Exxon Corp, the only major oil company not to settle a 17-year-old antitrust case, was cleared of price-fixing charges by a civil jury in U.S. District Court in Los Angeles on Friday.

The suit, brought by the state of California and the city of Long Beach, had charged Exxon and six other big oil companies--Unocal, Chevron, Texaco, Mobil, Arco and Shell--with conspiracy to depress crude oil prices in the state from 1961 through 1977.

This hurt independent producers, the suit alleged, including the state and city, which produce oil from their public lands.

Without admitting wrongdoing, all the other companies by last summer had agreed to settlements totaling $320 million in fines and other assets.

Exxon, which the plaintiffs' attorneys said never offered a "significant" amount in settlement, continued to fight.

Although the bills are not yet in, legal costs to the city and state over the years are estimated at a minimum of $75 million, according to one attorney for the plaintiffs. An attorney on Exxon's team said he could not estimate how much the company's defense cost, but said that "it cost Exxon a lot of money."
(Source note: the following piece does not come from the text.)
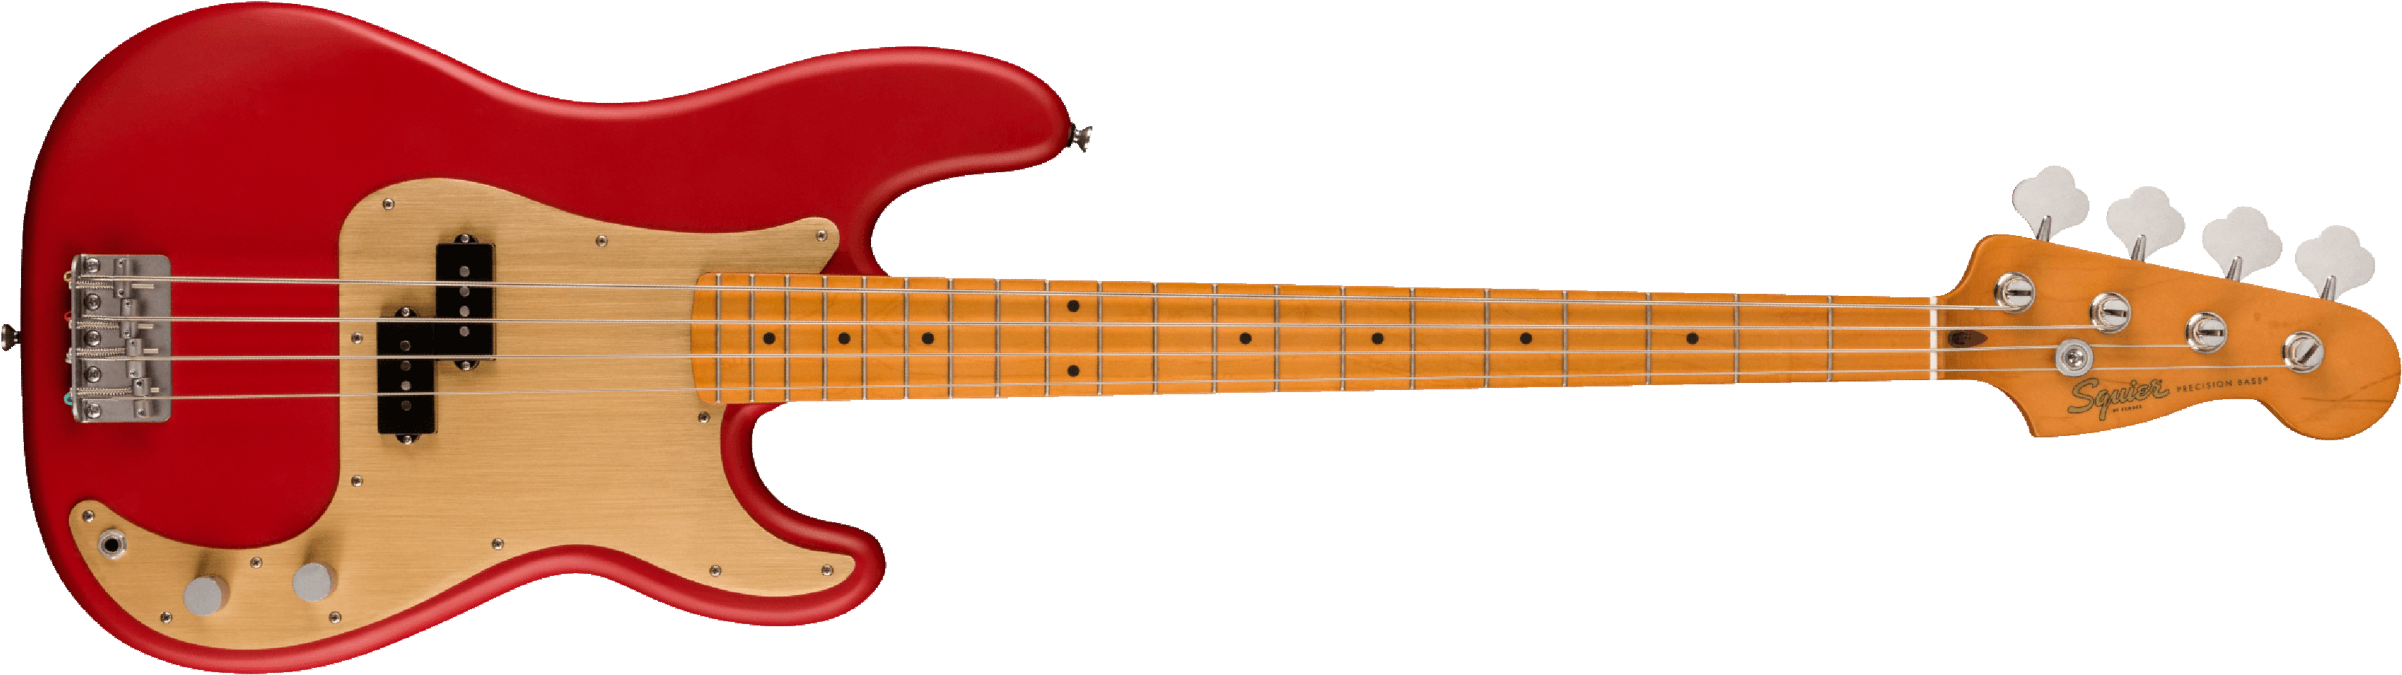 Squier Precision Bass 40th Anniversary Gold Edition Mn - Satin Dakota Red - Bajo eléctrico de cuerpo sólido - Main picture

"Once (Exxon's) management made the decision that they had not violated the law, they were committed to defending the case," said the lead attorney for Exxon, Howard J. Privett of Baker & Hostetler McCutchen Black in Los Angeles.
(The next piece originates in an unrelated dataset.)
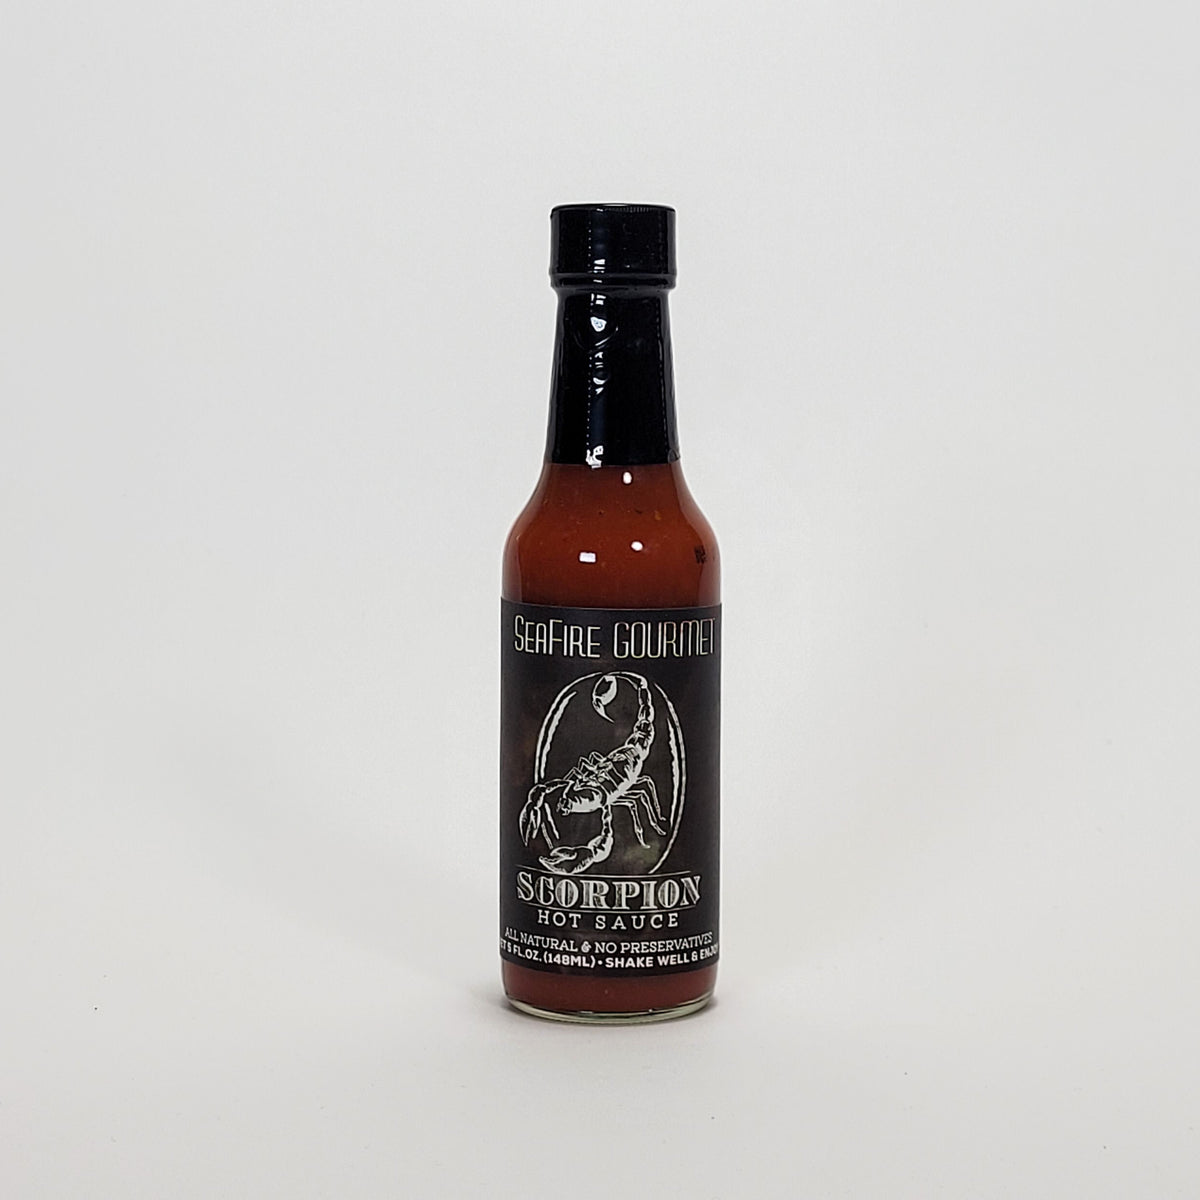 Seafire Gourmet Scorpion hot sauce

It could be a week or more before the city and state decide whether to appeal the decision.

Lt. Gov. Leo T. McCarthy and state Controller Gray Davis--a member of the State Lands Commission, which is the trustee for the state oil field involved--both strongly criticized Exxon last summer when it refused to settle the case.
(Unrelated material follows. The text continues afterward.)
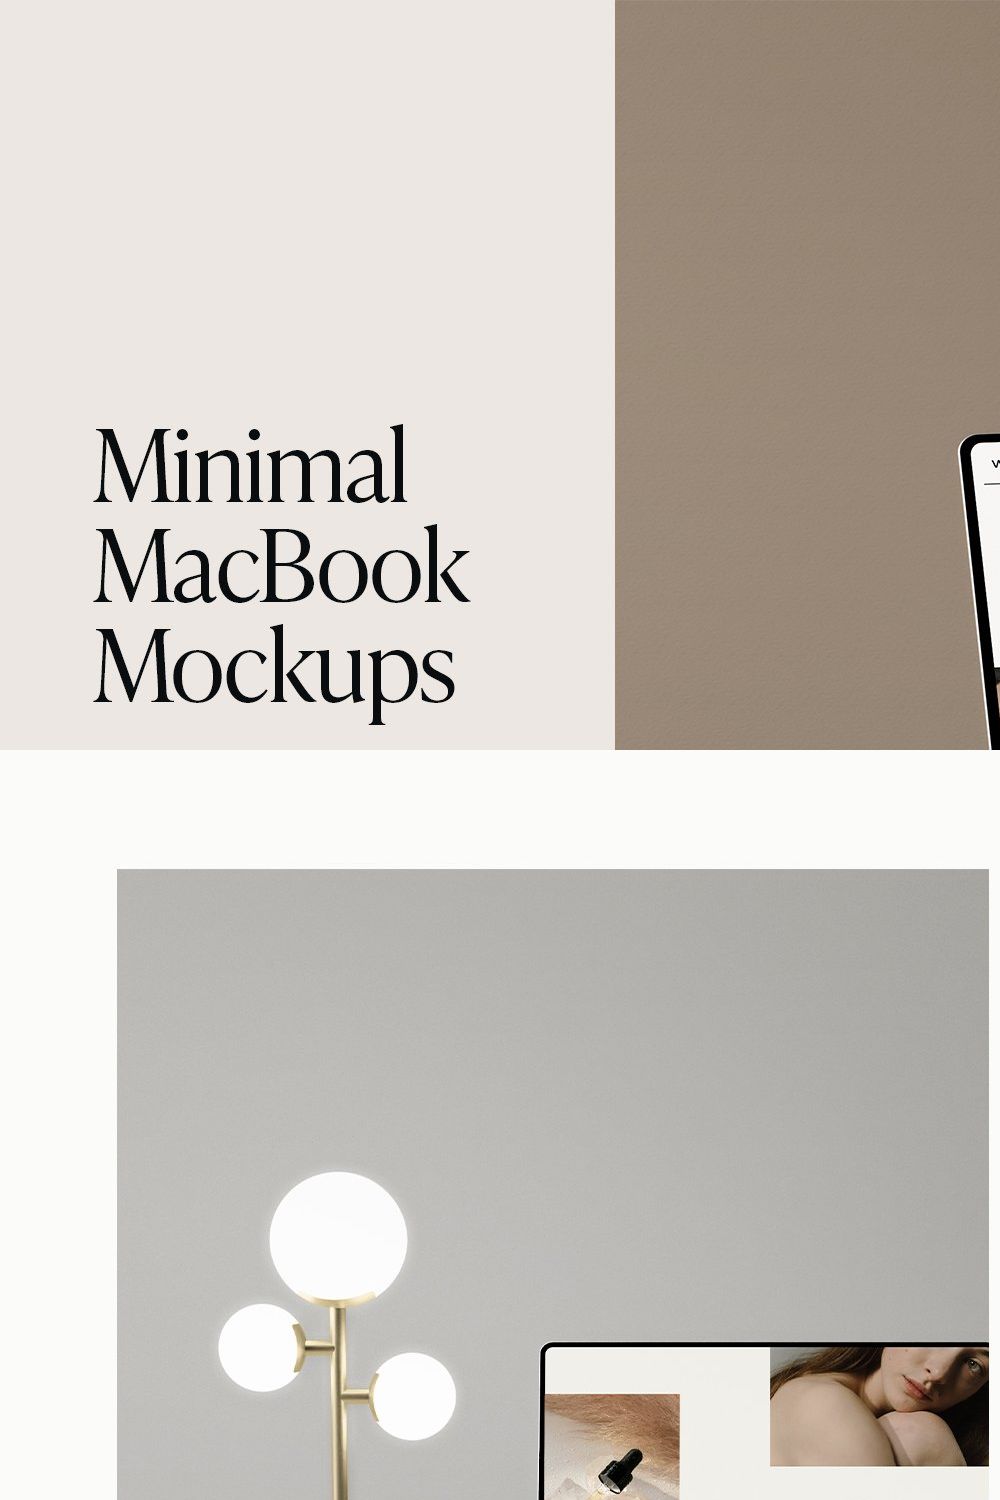 MacBook Mockup Bundle pinterest preview image.

But the Exxon case was "definitely . . . not as strong as the case against the others," Hoecker acknowledged.

Exxon was charged with joining a pricing scheme that had allegedly been set up by the other oil companies in a series of meetings in 1961 and 1962.

The suit against the oil companies asked for damages of $250 million, which could have been trebled under antitrust law. It alleged that the oil companies used a scheme to exchange crude oil among themselves at a higher price than they offered such independent oil producers as Long Beach and the state.

Most of the 280 million barrels sold to these firms from 1971 to 1977 by the city and state were produced in tidelands and submerged lands near Long Beach. The city operated the wells for both its own land and that of the state.

A similar antitrust case against Exxon is pending in Los Angeles Superior Court and will likely go to trial in 1993, according to Royce H. Schulz of Broad, Schulz, Larson & Wineberg.

Schulz, who also represented the city of Long Beach in the case concluded Friday, said that "Long Beach II" involves crude oil pricing in California from 1980 to 1985.

With the exception of Exxon, the major oil companies sued in that case have also settled.